A further driver, according to Phipps, was the approval of a T-cell engager against small-cell lung cancer. “With Amgen’s Imdelltra (tarlatamab), we finally had a breakthrough drug approval in a solid tumor. That really launched the pursuit of T-cell engagers,” he said.

AbbVie has been particularly active in the area in 2025, making deals with Simcere Zaiming, Xilio Therapeutics, and IGI Therapeutics that add up to a potential outlay on T-cell engager assets of ~$5.1 billion, with >$752 million in upfront fees.

In the deal in January with Simcere Zaiming, AbbVie committed an undisclosed upfront payment and potentially up to $1.055 billion to license the Chinese company’s phase 1-stage cancer therapy candidate SIM0500, a tri-specific antibody that targets GPRC5D and BCMA, in addition to CD3 on T cells. AbbVie’s partnership with Xilio, signed in February, aims to develop up to four novel immunotherapies using the latter’s masked T-cell engager antibodies. Xilio received $52 million upfront, and is eligible for up to $2.1 billion in contingent payments and $1.8 billion in development, regulatory, and commercial milestones, plus royalties. And in July, IGI Therapeutics received $700 million upfront for granting AbbVie exclusive rights to develop, manufacture, and commercialize ISB-2001, a CD38 × B-cell maturation antigen (BCMA) × CD3 tri-specific T-cell engager currently in phase 1 for relapsed/refractory multiple myeloma. IGI Therapeutics is eligible to receive up to $1.225 billion in development, regulatory, and commercial milestones, plus double-digit tiered royalties.

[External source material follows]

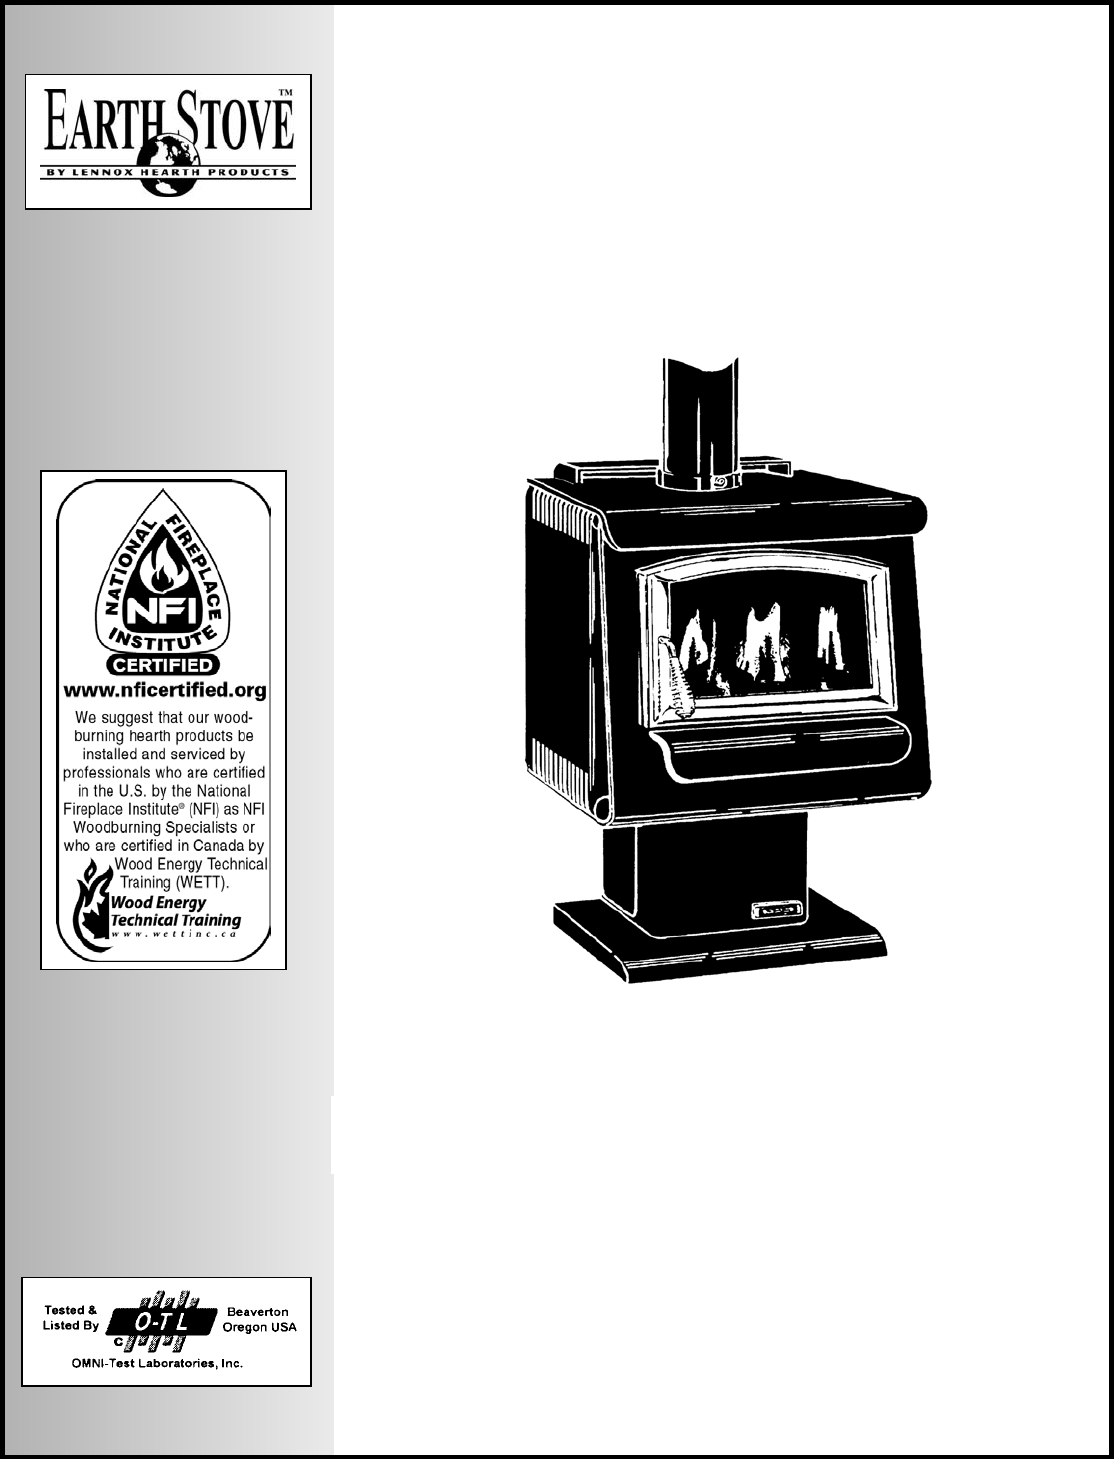 Earth stove pellet stove manual

One month later, Excalipoint paid Lepu Biopharma $10 million upfront for access to two undisclosed bispecific T-cell engagers. With contingency payments, commercial milestones, and royalties, the total deal value could rise to $858 million.

In September 2025, Genmab’s $8 billion acquisition of Merus became the second largest M&A deal of the year. The Denmark-based antibody maker gobbled up several of Merus’ assets: FDA-approved Bizengri (zenocutuzumab-zbco), a bispecific antibody targeting human epidermal growth factor receptor 2 (HER2) and HER3 for adenocarcinoma and non-small-cell lung cancer; petosemtamab (MCLA-158), a bispecific antibody targeting EGFR and leucine-rich repeat-containing G-protein coupled receptor 5 (LGR5), in phases 2 and 3 for colorectal cancer, and head and neck cancer, respectively; MCLA-129, a bispecific antibody targeting EGFR and c-MET, in phase 2 for solid tumors; ONO-4685, a PD-1 × CD3 T-cell engager for relapsed/refractory T-cell lymphoma and psoriasis, in phase 2; and several earlier-stage assets.

In October, Takeda forked out $11.4 billion to Innovent Biologics to gain access to its oncology bispecifics in the clinic. Through this deal, Takeda accesses Innovent’s PD-1 × IL-2α-bias-targeting bispecific antibody (IBI363) alone, and an ADC comprising an anti-claudin 18 isoform A2 (CLDN18.2) monoclonal antibody conjugated to the DNA topoisomerase I inhibitor exatecan (IB1343) for gastric and pancreatic cancers.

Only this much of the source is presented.